Петрова не успела ничего ответить. Дверь распахнулась, и шаровая молния засветилась агрессивными огнями. Общий смысл этой цветомузыки сводился к единственной фразе: «Пошли вон!»

Валя, получившая предложение выбрать между позором и забвением, выбрала второе. И вскоре девочки покинули гостеприимный дом, сопровождаемые негостеприимным взглядом Нины Семеновны Шепитько. Пока шли к остановке, молчали…

Еще бы! Петрова осталась без нового платья, Валя – без нового брата, Тарас – без удовольствия. Грустная, в принципе, история, комментарий к которой уже был составлен века два назад: «А счастье было так близко, так возможно!»


– Ты не поверишь! – хохотала Люся. – Что значит судьба! Она ведь выйдет за него замуж!

– Он же брат…

– Ну и что? Такое бывает.

– Это понятно, что бывает. А как же тетя Нина?

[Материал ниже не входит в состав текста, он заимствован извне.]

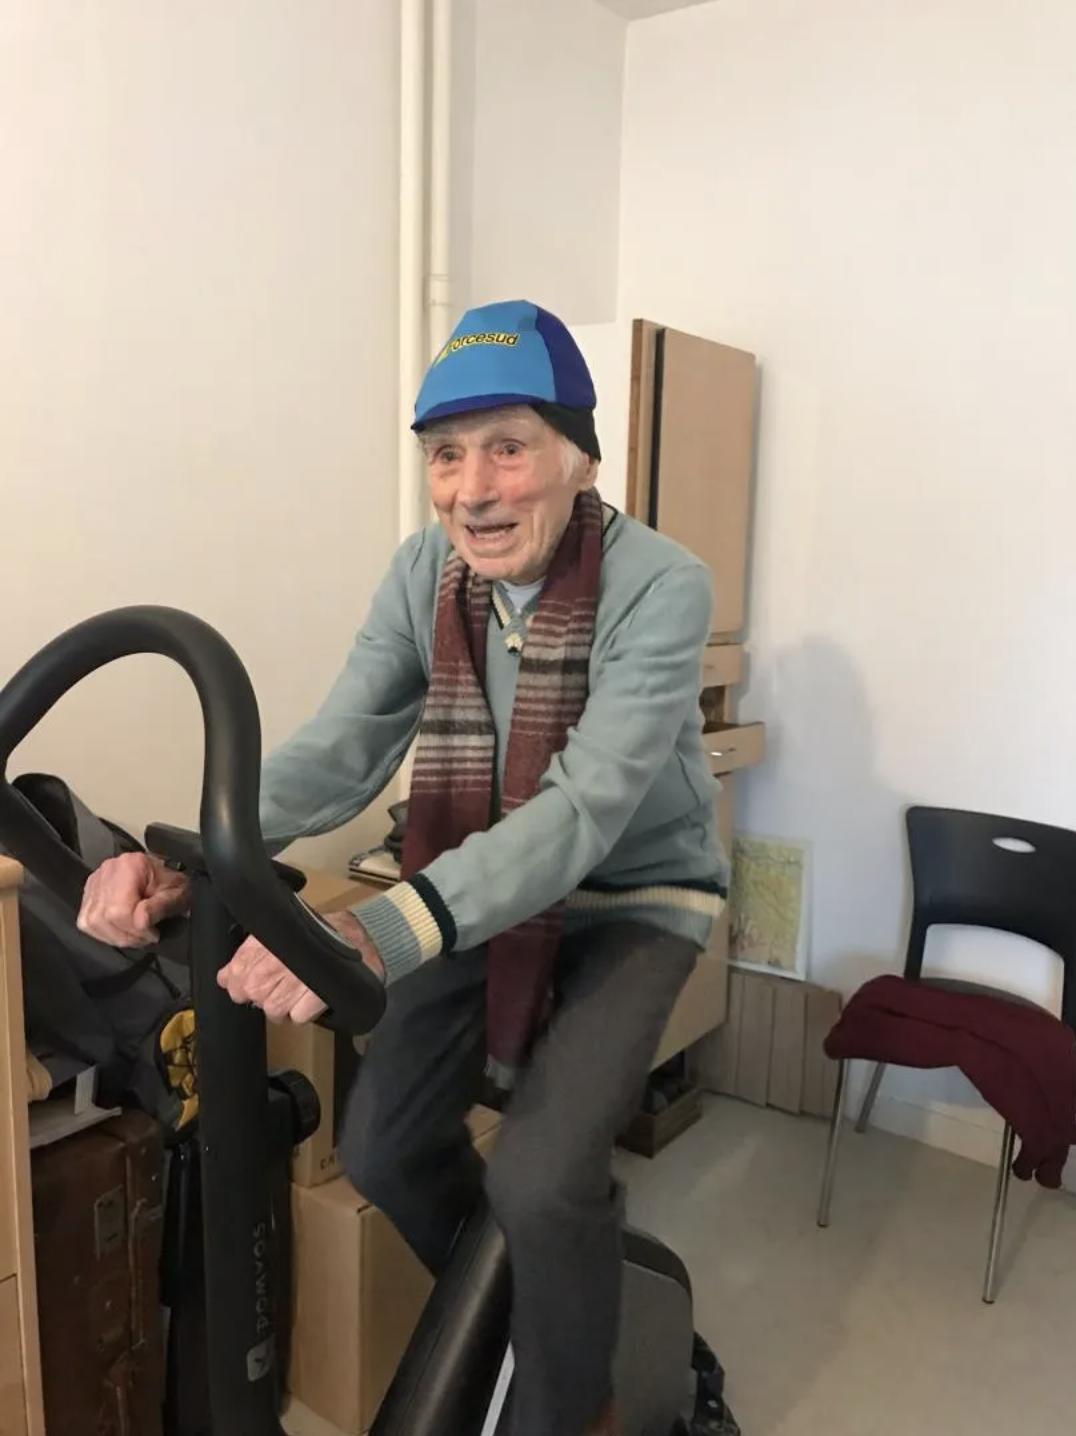 Robert Marchand on his exercise bike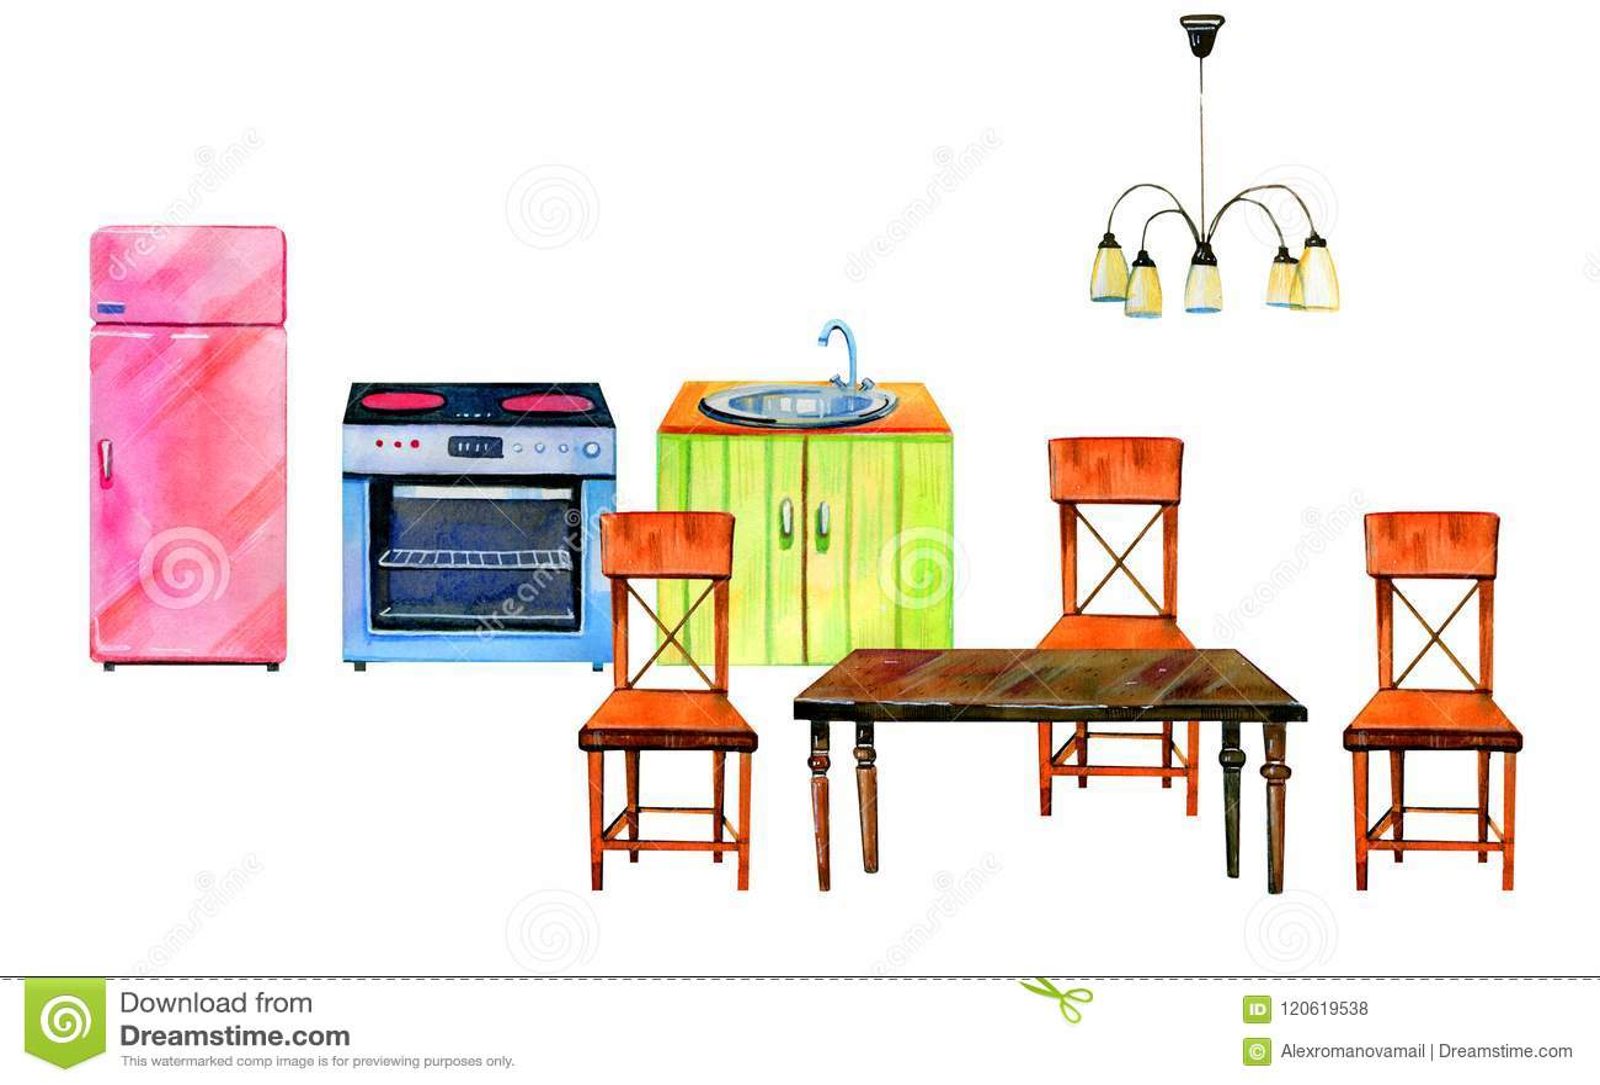 kitchen chair slipcovers minnesota cabinets 手拉的水彩套风格化厨房内部烤箱 refrigirator 桌和椅子库存例证 插画 桌和椅子

– Тетя Нина? Сначала сопротивлялась, проклинала, перед Тарасом на колени падала – умоляла с родней не ссорить… Но Валентина впилась в него мертвой хваткой.

– Любовь, что ли, такая?

– Про любовь не знаю. Мне кажется, просто домой не хотела возвращаться.

– Не вернулась?

– Нет. Хотя в институт не поступила.

– Чего же она в Одессе делала?

– Ничего. После того как Тарас ее из окна общежития вытащил, быстро забеременела. Рожала уже в Айхале. Это где-то на Севере.

– Понятно, жару ведь ваша подруга, кажется, плохо переносила?

– Она действительно жару не переносила, – с готовностью подтверждала Люся, намеренно не замечая подвоха в вопросе подруги. – Ты же помнишь, я рассказывала. И про общежитие рассказывала.

– Про общежитие не рассказывали.

– Да ты что?!


Девочки уже потащились к остановке, а тетя Нина еще долго не могла успокоиться. Душу ее разрывали два чувства: мести и вины. Причем второе не давало развиваться первому – поэтому ни на какую почту «стучать телеграмму» Валиным родителям тетя Нина не пошла, а через день отправила сына искать пропавшую родственницу.

Где могли находиться беглянки, сержант догадался довольно быстро и отправился в район студенческих общежитий. Каково же было его удивление, когда на вахте мединститута ему сообщили, что приемная кампания еще не началась и предоставить информацию о двух иногородних барышнях нет никакой возможности. Это было истинной правдой: до начала подачи документов оставалось еще какое-то время. Тарас растерялся.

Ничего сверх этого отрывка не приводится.